Imagine augmented reality (AR) created with so much soul you can almost feel it. A digital augmentation of the real world with so much delicate attention to detail the user begins to believe its presence in their own reality. Most examples of AR are created as forced digital executions, and these often jar with their surrounding environments. Perhaps these executions assist the product or subject to which they are attached, but rarely do they consider the location in which they will be seen. Why not manipulate the entire environment as well as the subject in focus?

A lot of people suggest augmented reality is a gimmick, and I tend to agree that most examples prove this statement correct. But what if we move away from gimmick and towards sense? Let’s focus on the reality part of augmented reality. Reality in AR doesn’t need to rely simply on making the tree and its leaves as photo-realistic as possible. I believe paying attention to movement, sound and interactivity between user and technology can create as equally an impactful experience as having a realistic-looking tree in your living room.

People are relying on virtual reality (VR) to provide the most immersive digital experiences over the next few years, but I’m inclined to believe that AR hasn’t yet reached its climax, with hardware limitations and creativity limiting its growth.
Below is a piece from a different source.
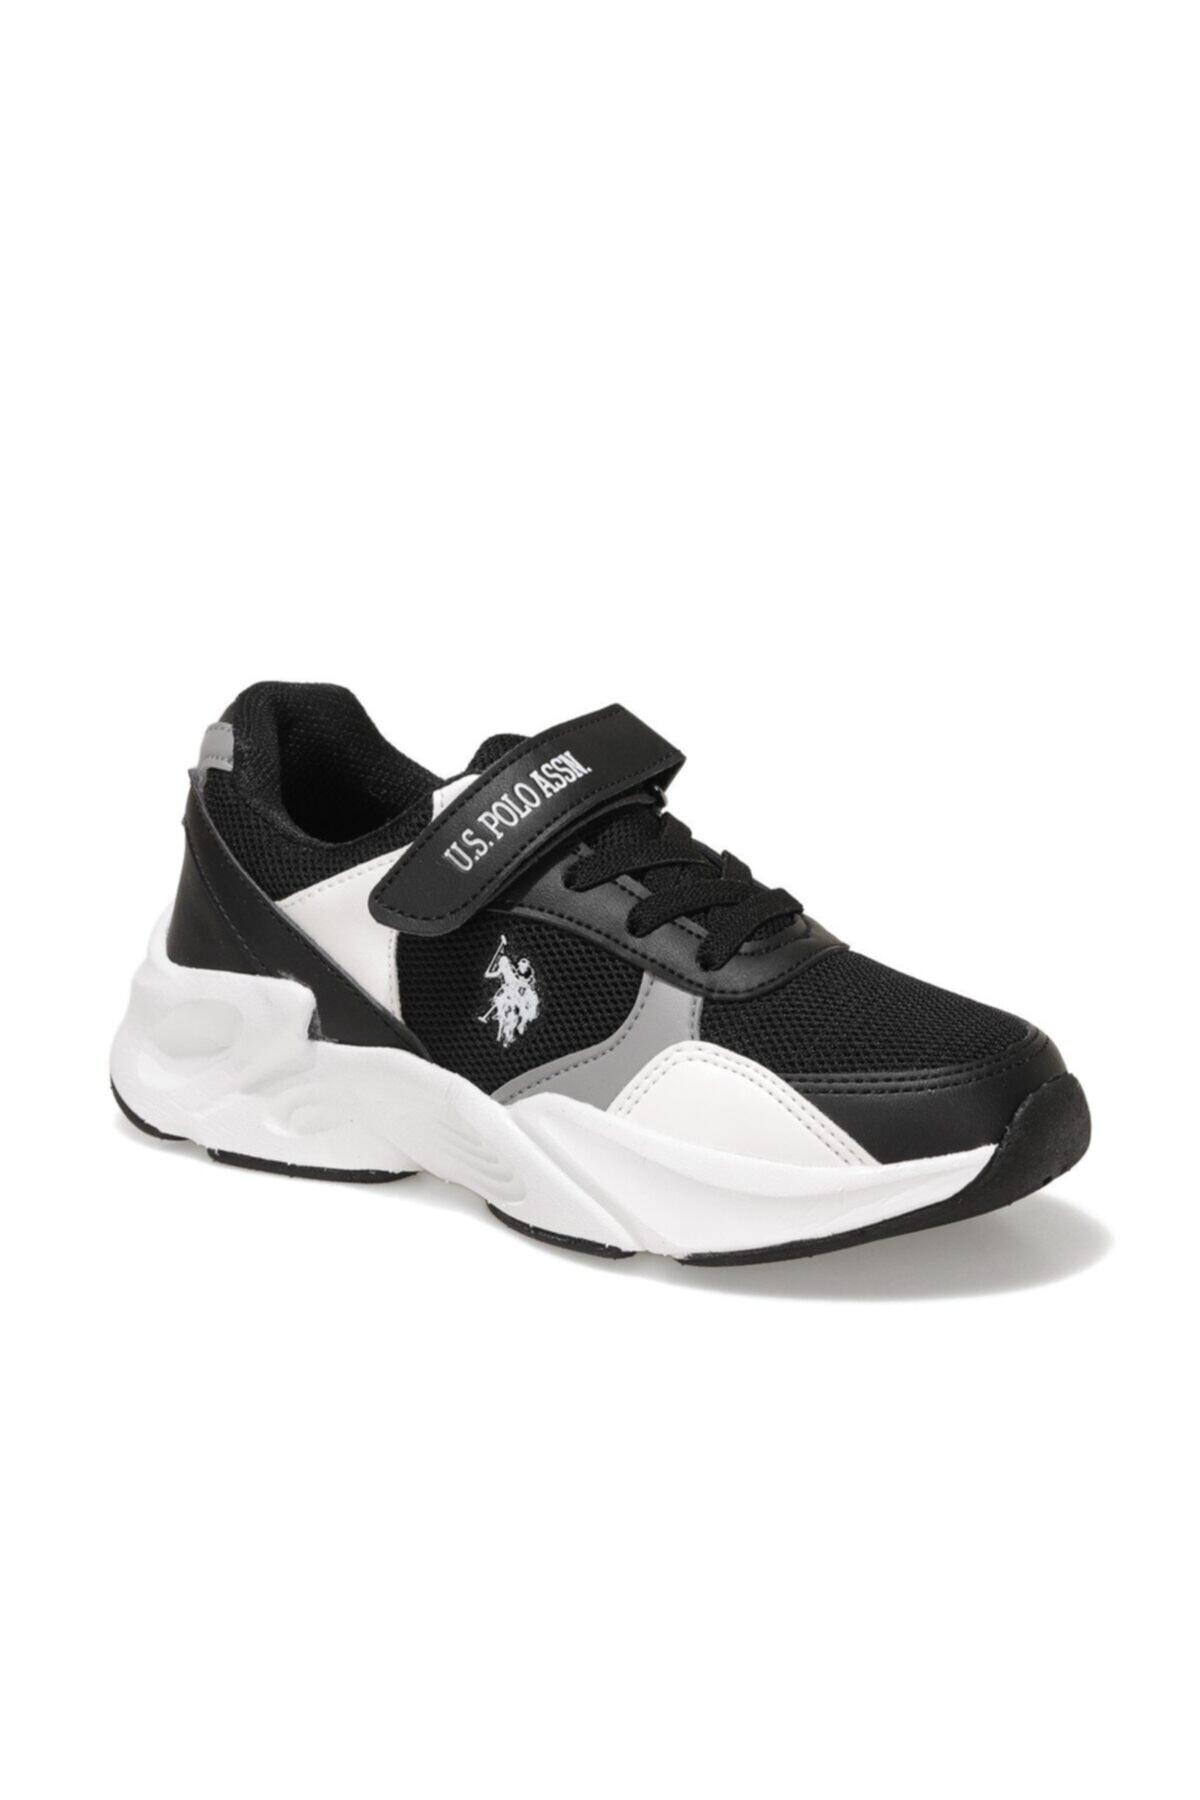 کفش اسپرت بچه گانه پسرانه اینترنتی برند U.S. Polo Assn. رنگ مشکی کد ty94689477

Surely seeing a well-executed digital experience augmented convincingly into your own reality is more engaging than cutting off your own reality altogether. I’d love to see augmented reality focusing more on the feeling it can produce rather than simply showing off graphics. Neither AR nor VR are able to provide the sensation of touching the experience, so they need to work especially hard on the relationship between sight and sound.

This is where I believe VR is maturing much quicker than AR; the available hardware offers so much more processing power and even physical control methods, allowing more creative freedom. But as wearables become more powerful and commercially available, perhaps now is the time to push augmented reality into the next generation - of sense rather than gimmick.